Anti-TNF therapy is the most effective treatment for inducing and maintaining remission, with FDA-approved agents including infliximab, adalimumab, and certolizumab pegol.[28] It blocks the inflammatory protein TNF and induces cell death in activated T cells.[30] Responses may occur within a week, but full effects can take up to six weeks. Loss of response can happen due to the development of antidrug antibodies, necessitating a switch in agents or drug classes. Anti-TNF agents are often combined with thiopurines or methotrexate to minimize antibody development. Side effects include injection-site reactions, a higher risk of infection, a slight increase in melanoma risk, and rare cases of cytopenias and liver toxicity.[28]

Vedolizumab is the first treatment designed specifically for the gut in moderate to severe Crohn's disease. It blocks the molecule α4β7 that helps white blood cells enter the gut, reducing inflammation. Unlike natalizumab, it does not carry a risk of the serious brain infection PML. While vedolizumab can induce remission, it works slowly, taking about 12 weeks to show effects, and its overall effectiveness is limited. However, patients who respond well can maintain remission for up to a year. Since it specifically targets the gut, it does not significantly increase the risk of serious side effects or infections, except for mild nasal infections.[28]

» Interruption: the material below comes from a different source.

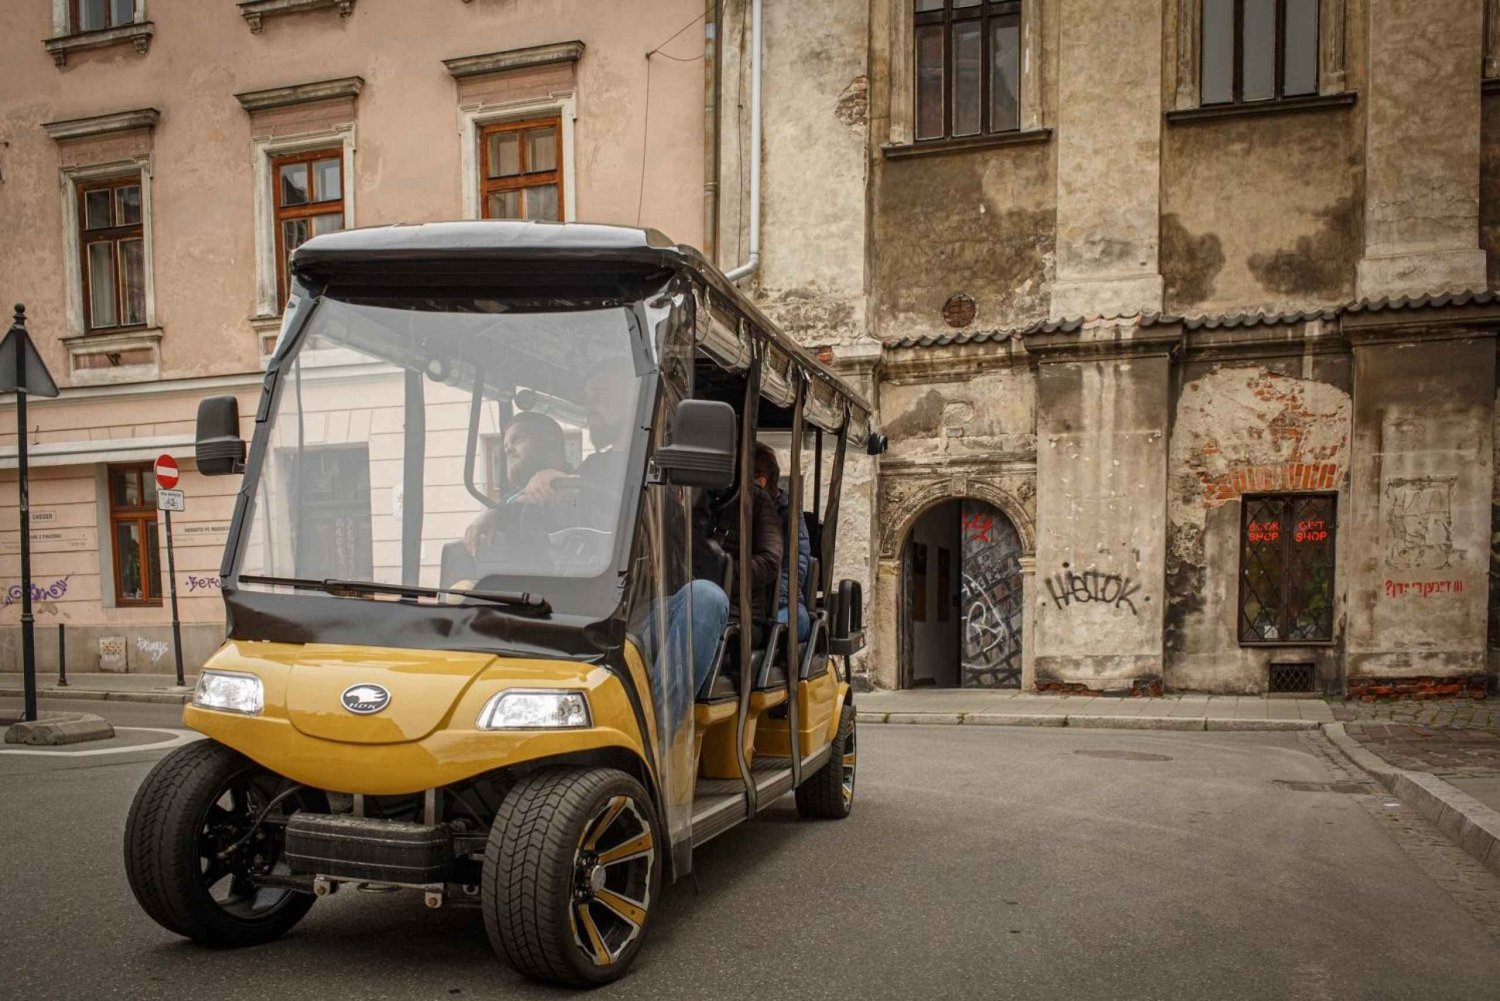 Cracovia: Tour della città in golf cart e tour guidato della fabbrica di Schindler

Ustekinumab, approved for moderate to severe Crohn's disease in October 2016, has been FDA-approved for psoriasis since 2009.[31] It appears to be comparable to anti-TNF therapy in both the induction and maintenance of remission, functioning by blocking the inflammatory molecules IL-12 and IL-23. The onset of action is similar to that of anti-TNF treatments, with responses typically observed within six weeks. Notably, Ustekinumab does not seem to increase the risk of serious infections, although the studies conducted in Crohn's disease have been relatively short-term.[28]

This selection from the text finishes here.